ENCINITAS — The City Council voted unanimously to let the public decide how it wants to select a mayor at the July 11 meeting. 

The council was previously split on whether to tweak it’s mayoral selection during a Feb. 15 meeting and directed staff to research additional options for putting the question to voters, a move longtime Councilman Jim Bond supported.

In February, the council majority chose a system in which the person receiving the highest number of votes would be appointed mayor for a two-year term. The mayor would in turn select the deputy mayor.

The current practice of rotating each year, with the mayor and deputy mayor selected by a majority vote of the council has become contentious. When Councilwoman Teresa Barth was not selected as mayor last December, a large crowd in the audience stood and turned their backs to the dais in silent protest.

The city could join 15 other municipalities that have elected mayors in San Diego County.

According to the city clerk, the cost to place a single question on the November 2012 ballot is between $17,000 and $20,000.

“I don’t like the annual rotation, I really don’t,” Mayor Jerome Stocks said in February. “Frankly it should be the voters that select us.”

The ballot measure will ask three questions as dictated by state law, according to assistant City Manager Richard Phillips. First, does the voter want an elected mayor? The next two questions ask whether the term of an elected mayor should be two years or four years.

Councilwoman Teresa Barth asked if the measure would address whether a mayor is paid more, or has more authority and other similar issues. The council decided not to include anything other than the three basic questions and work out any details at a later date, depending on the outcome of the vote.
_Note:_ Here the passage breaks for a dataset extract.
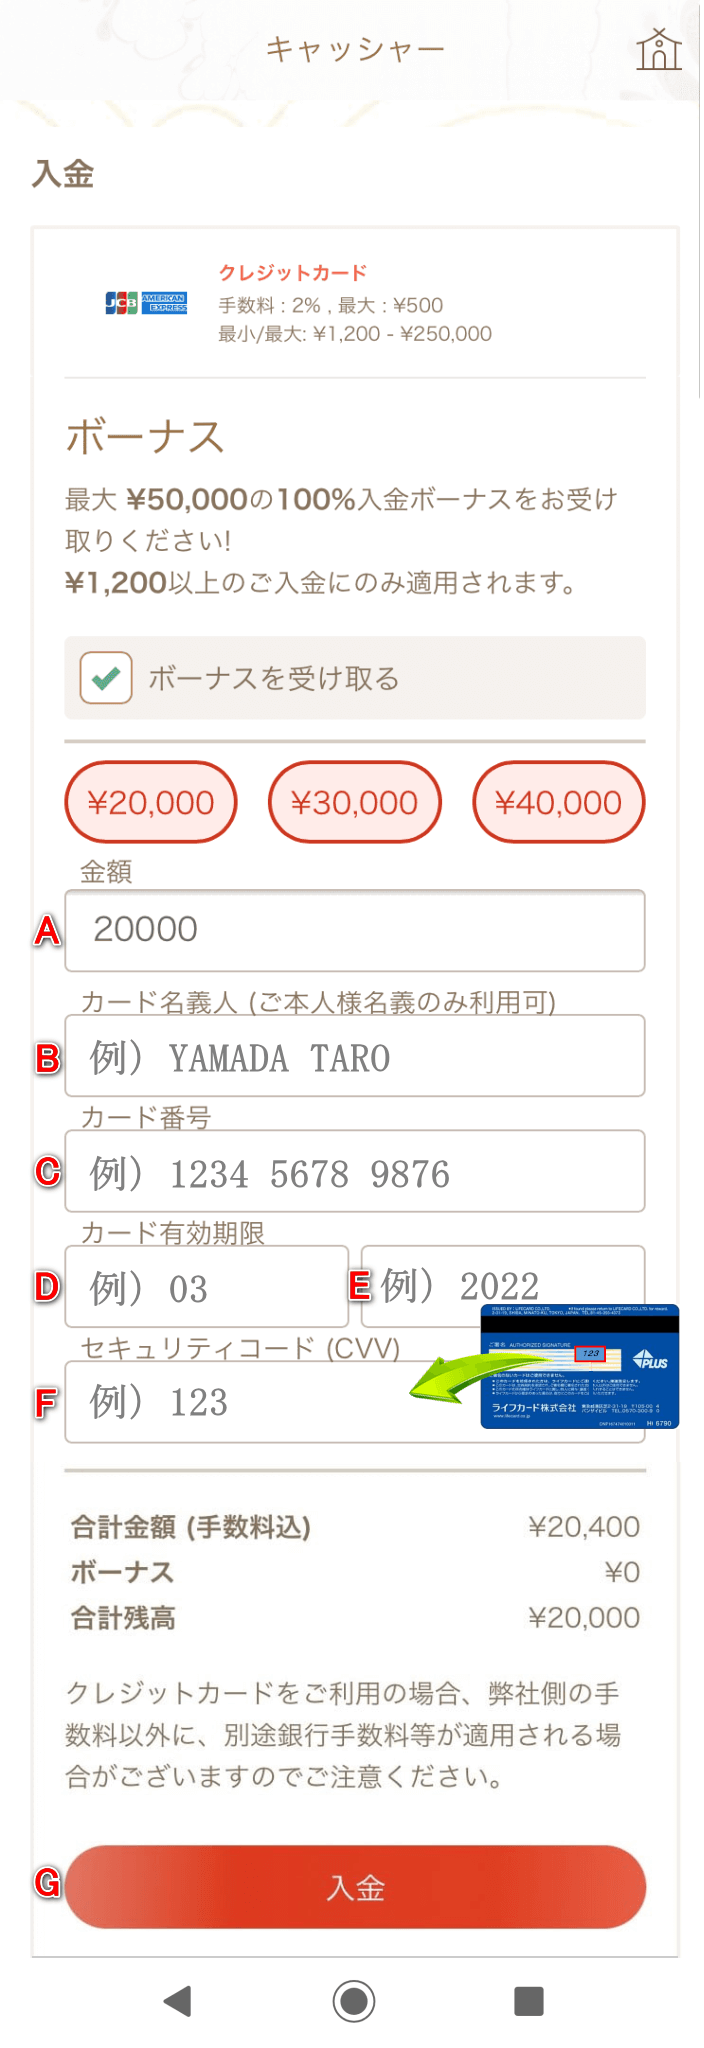 遊雅堂（Yuugado）アカウントへクレジットカードによる入金イメージ

Kathleen Lees, a Leucadia resident did not fully support an elected mayor position. “This is an issue because you as a group can’t work together,” she told the council. “Electing a mayor won’t change that.”

1 comment

Concerned Resident July 14, 2012 at 4:14 pm

In the interim between the voters getting to decide whether or not we want an elected mayor, and the NEXT general election, after this one, which won’t be until 2014, Councilmember Teresa Barth should finally have her turn to be the “rotated mayor.” The reason the selection process got contentious is because of the politics of our outgoing mayor, Jerome Stocks, and his also outgoing co-hort, Councilmember Jim Bond.

At three terms, we’ve had MORE than enough of Stocks. Don’t get me started on Bond, after nearly five terms now. Bond seems more and more distracted and confused. He doesn’t stand by his earlier record of being a fiscal conservative, or opposing a “lane diet” for a major artery, Historic North Hwy. 101. Stocks seems to always position himself as Mayor just before a General Election, as discredited Dan Dalager did, as well, before he was voted out of office, in disgrace, then was finally charged, by our “reluctant” DA, who would rather be Mayor of San Diego, with three counts of conflict of interest, accepting a plea bargain for one conviction.

Stocks and Bond made robo-calls during the 2010 to support Dalager, saying publicly, the accusations against Dalager were “just politics.” On the contrary, they were only the tip of the iceberg relative to probable kickbacks Dalager got for the Hall Property and Mossy Public Works Yard back room, never appraised deals. The City robbed the SDWD ratepayers of our headquarters, including the land, which was valued at only $1 million, while the city paid $8.5 million for the Mossy land, another million $ for the “improvements” on Mossy (SDWD’s improvements were declared “worthless” as was the beautiful existing adobe house on the Hall Property). Then an additional $3.5 million was spent to bring the supposed “turnkey” Mossy structure into ADA compliance.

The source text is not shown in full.